**Activity**.
When the listing below reaches the line that has "phonetic-alphabet-phonetic-alphabet-chart-queensland-gambaran", start reproducing exactly; stop after the line that has "Snoopy Foldable/Collapsible Storage", and drop the pictures.

**Entries shown**.
-*-*-
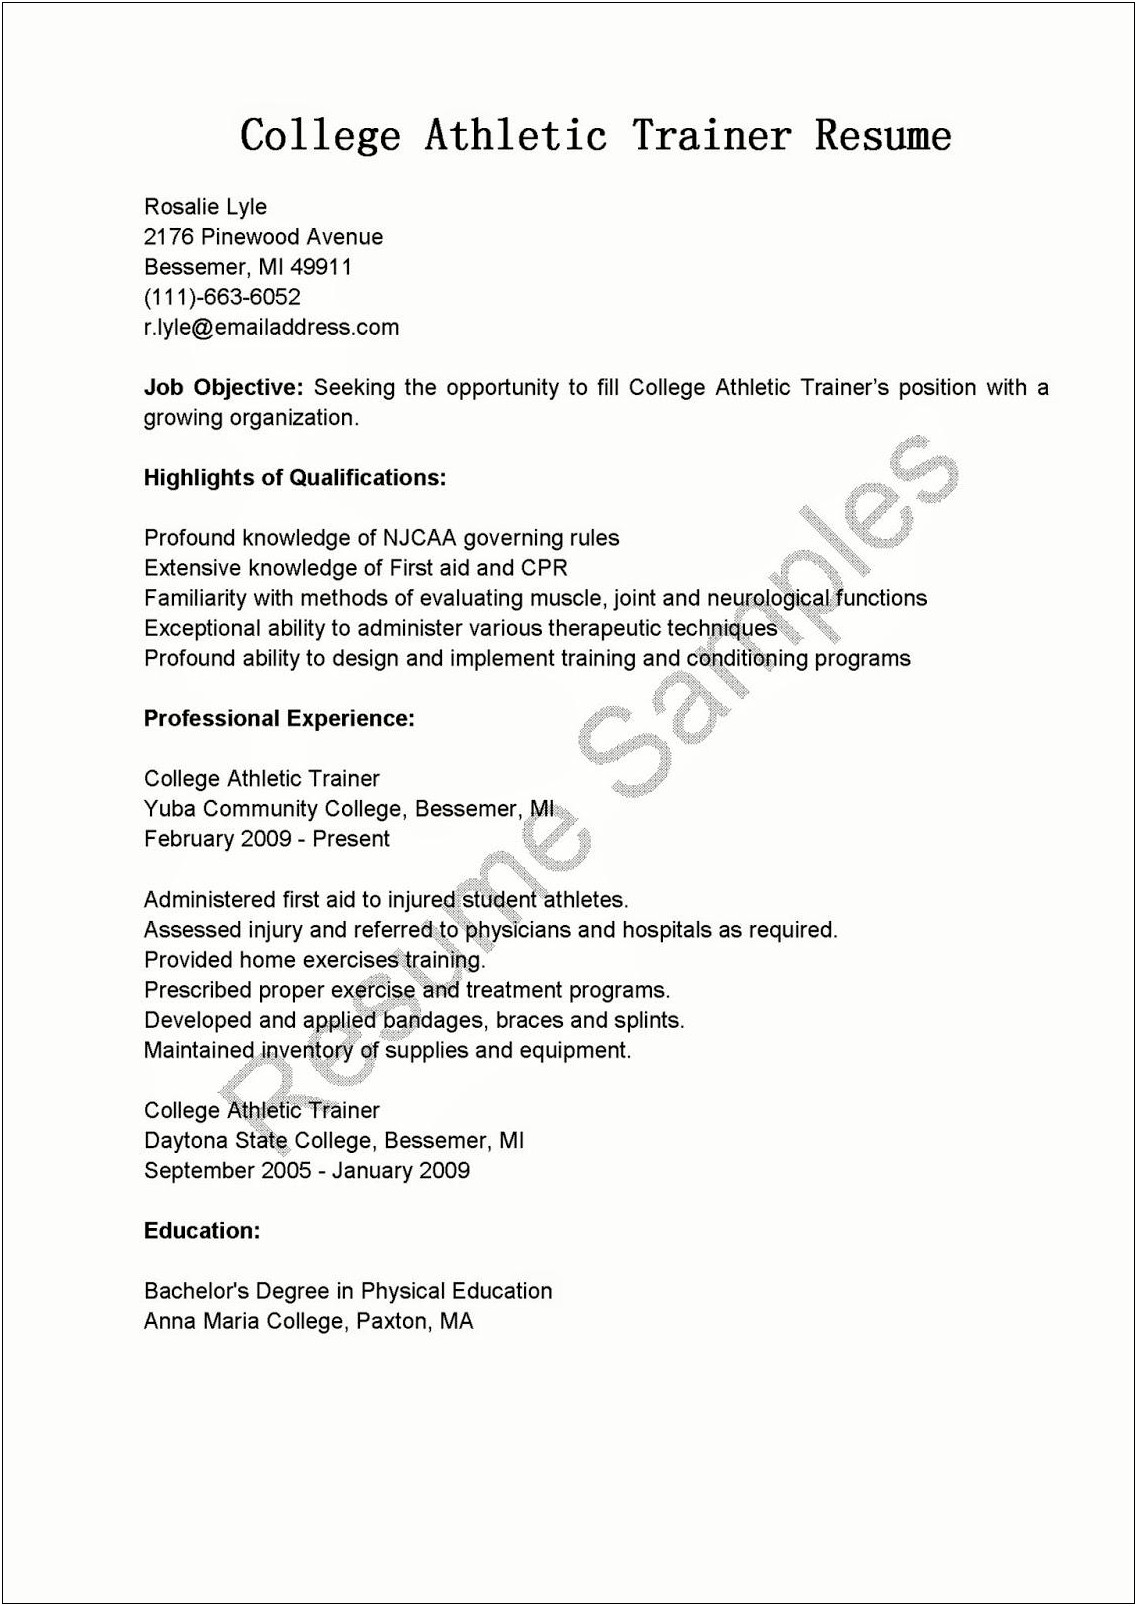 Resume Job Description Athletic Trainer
-*-*-
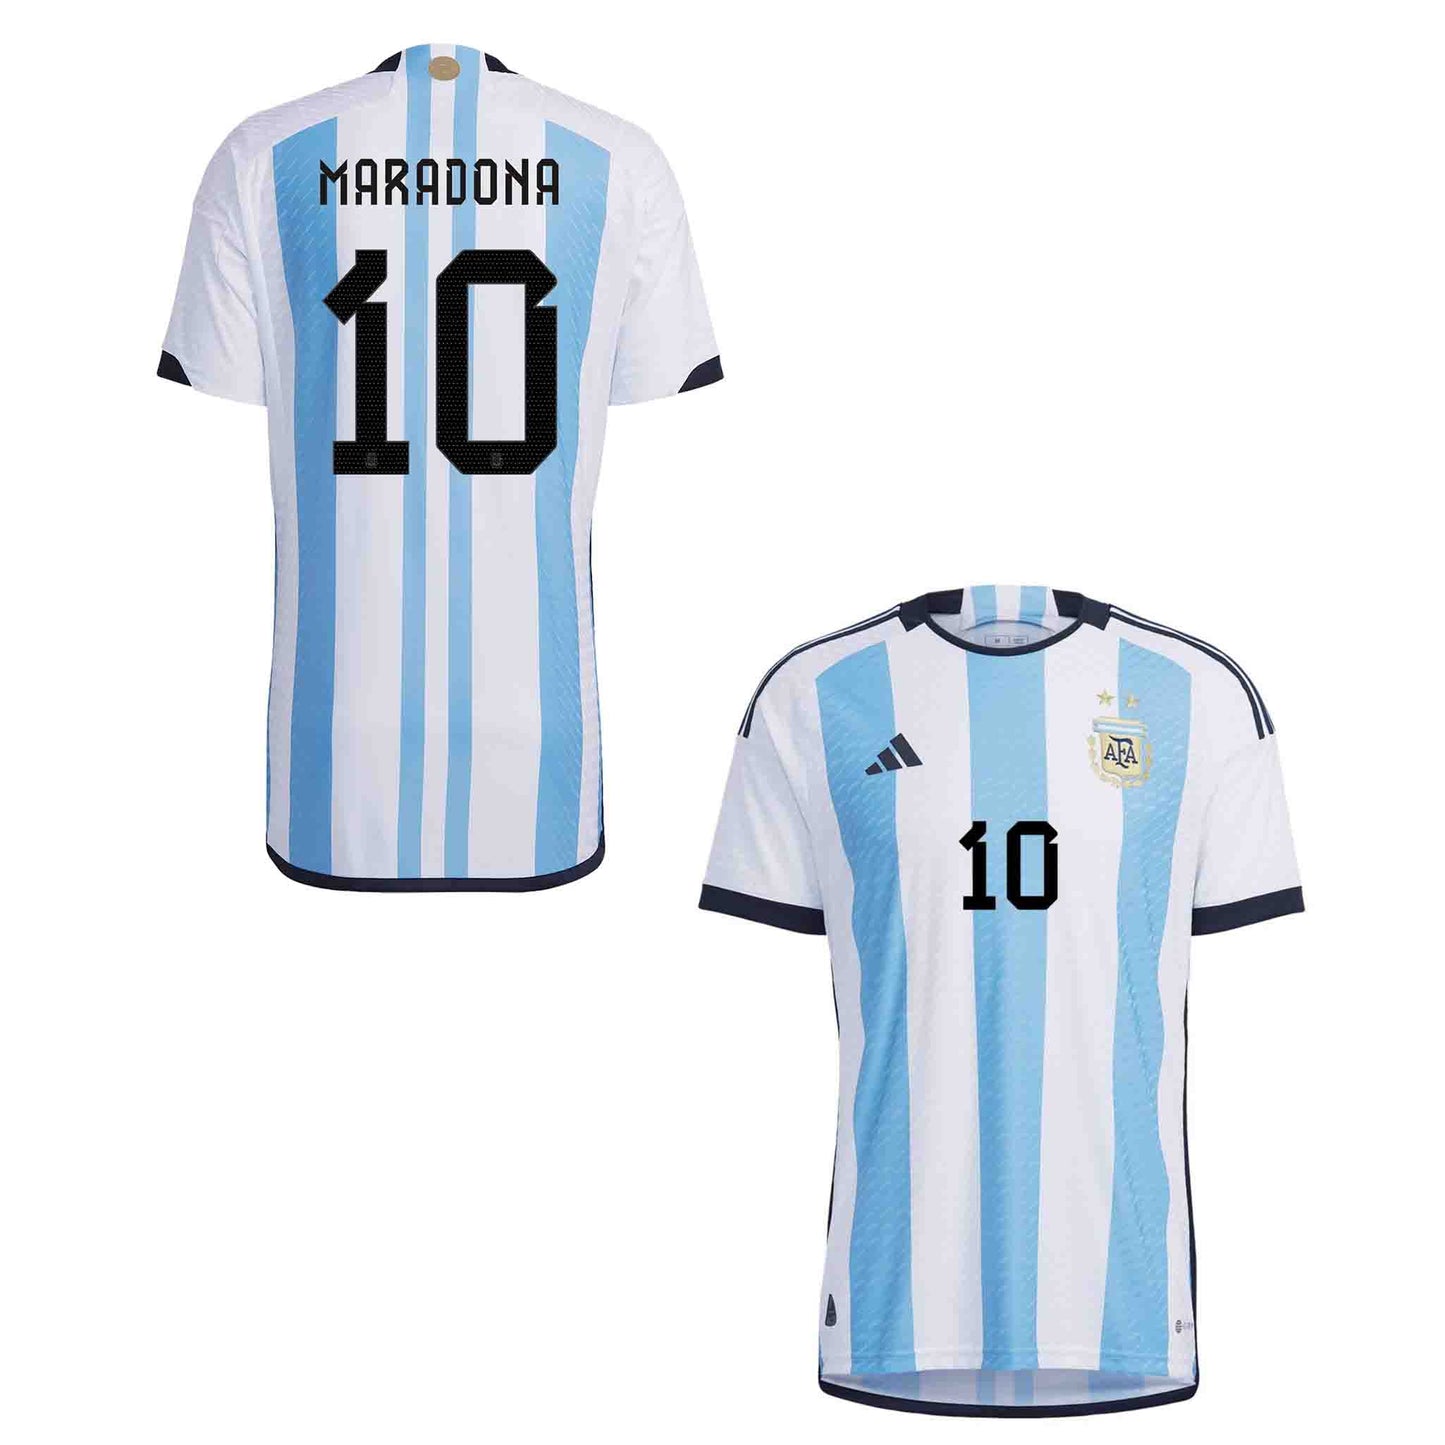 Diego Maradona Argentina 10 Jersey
-*-*-
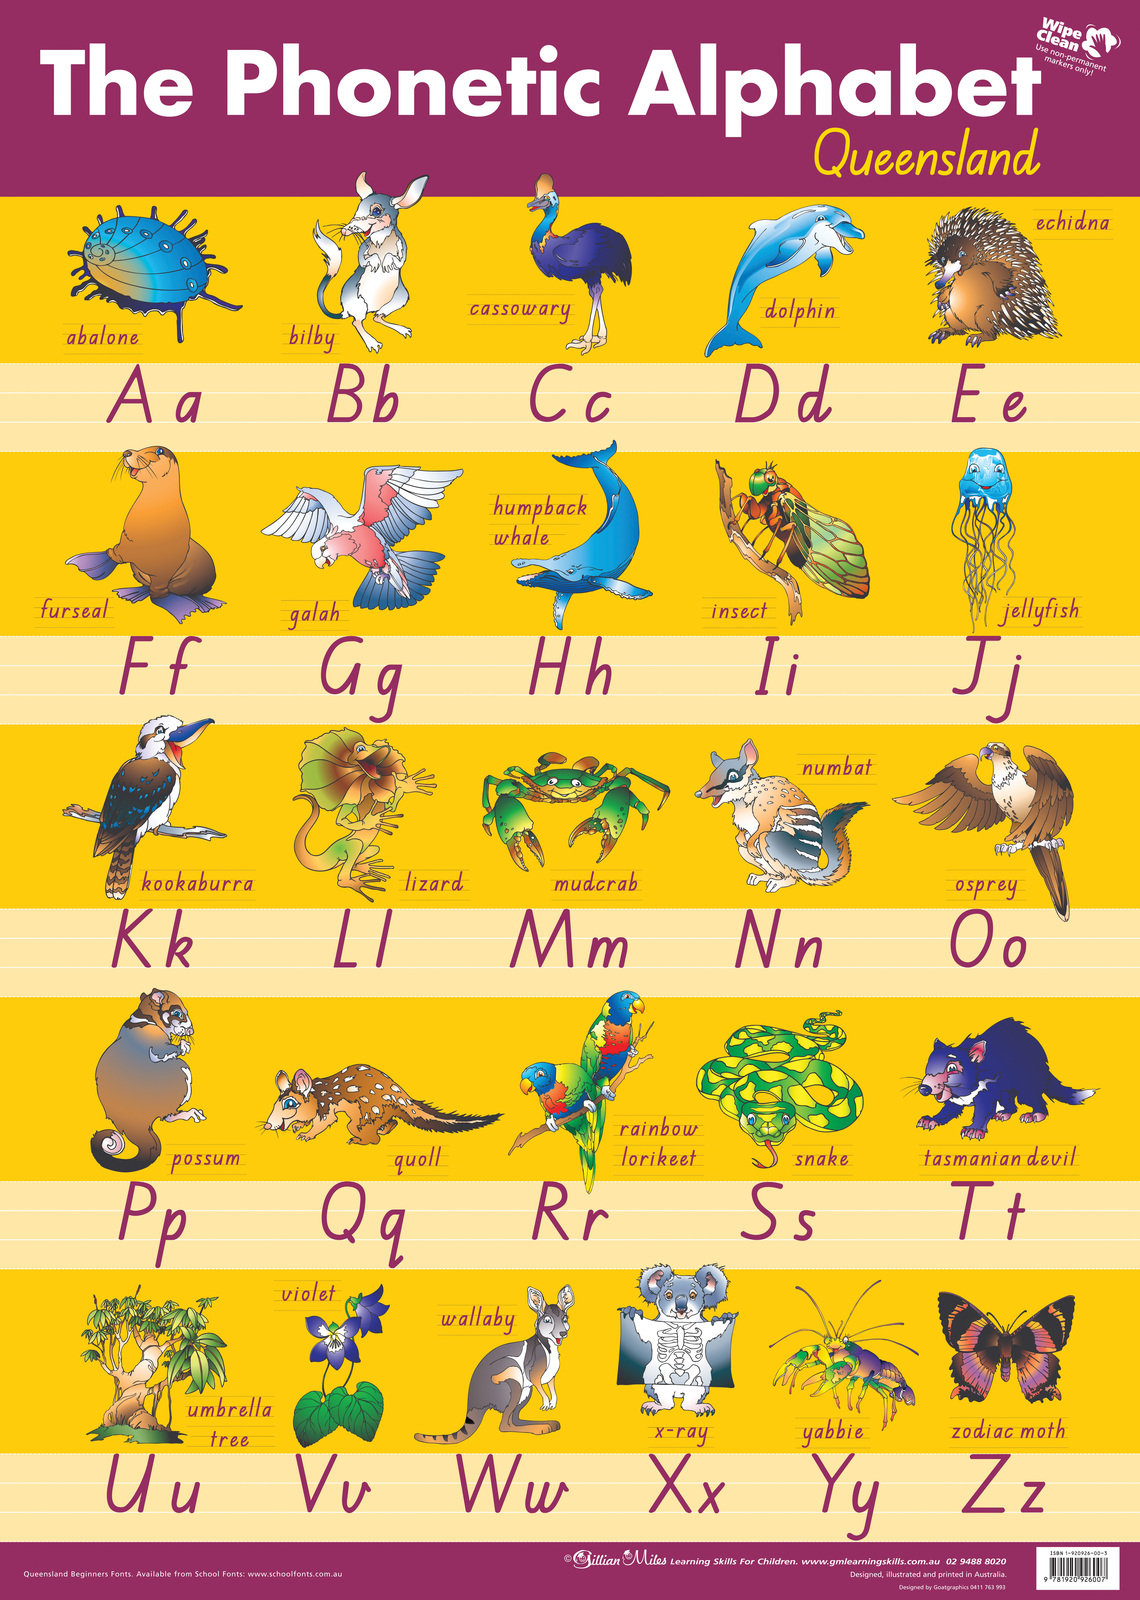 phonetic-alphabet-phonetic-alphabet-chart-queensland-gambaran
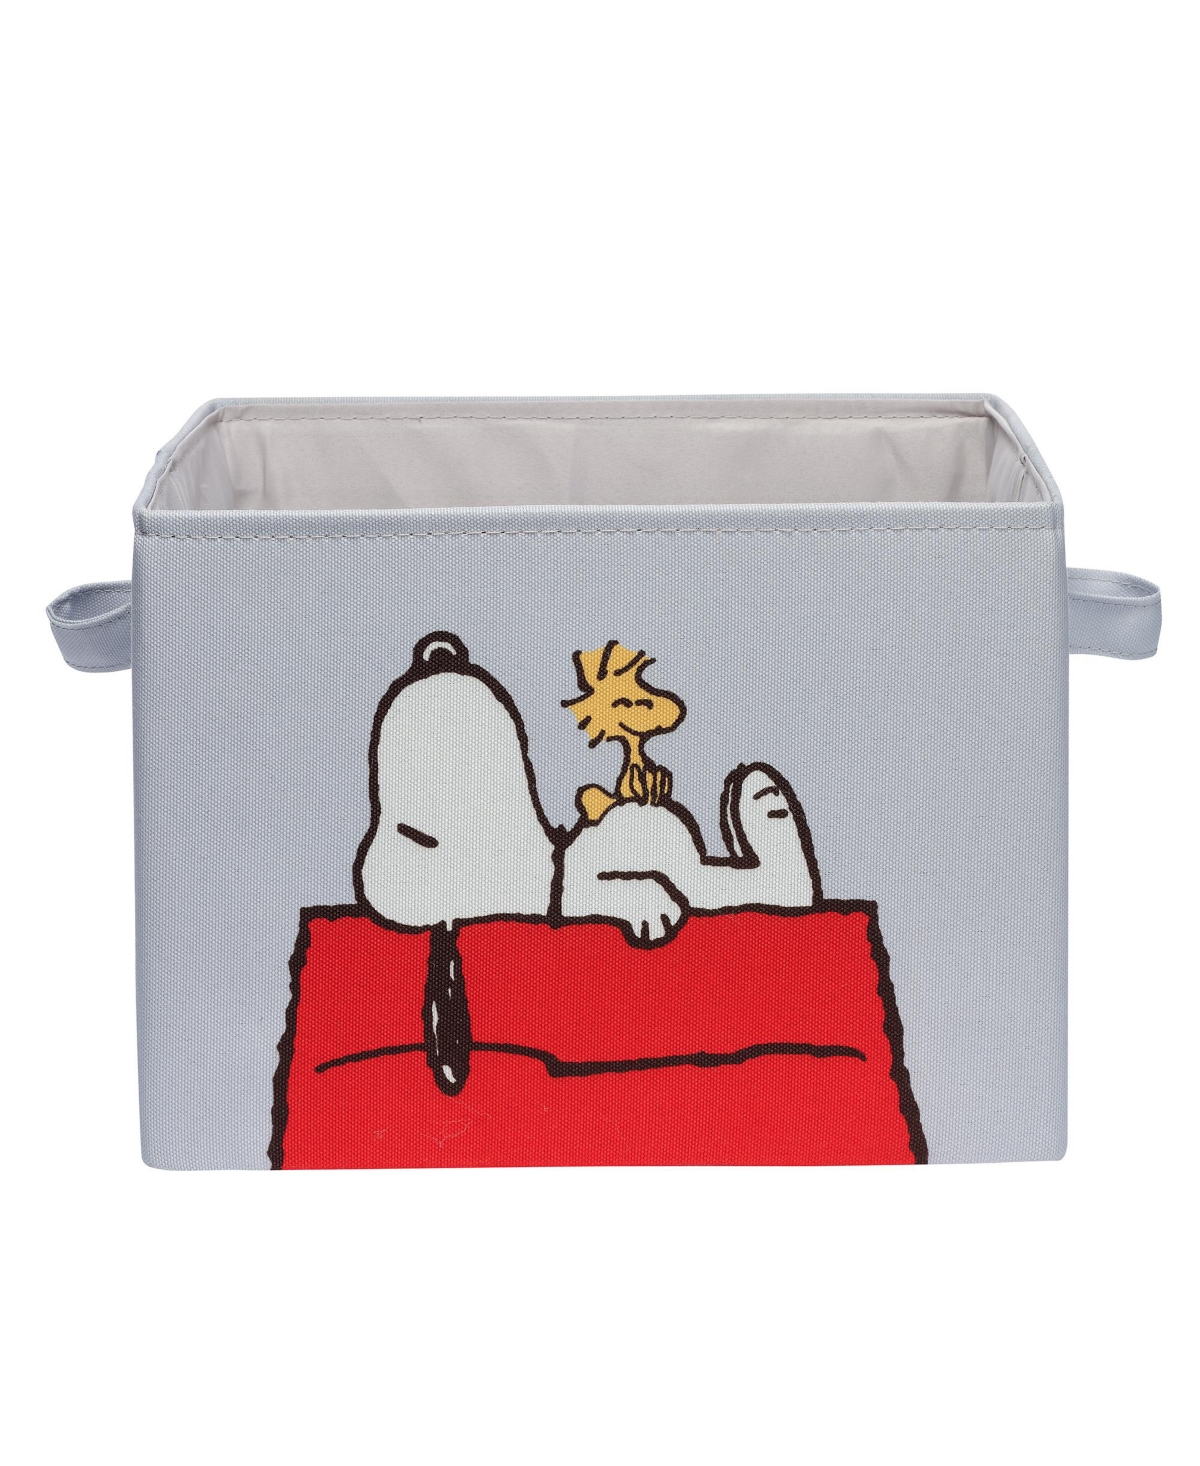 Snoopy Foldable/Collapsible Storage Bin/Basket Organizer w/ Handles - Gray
-*-*-
**Response to the task**.
 phonetic-alphabet-phonetic-alphabet-chart-queensland-gambaran
 Snoopy Foldable/Collapsible Storage Bin/Basket Organizer w/ Handles - Gray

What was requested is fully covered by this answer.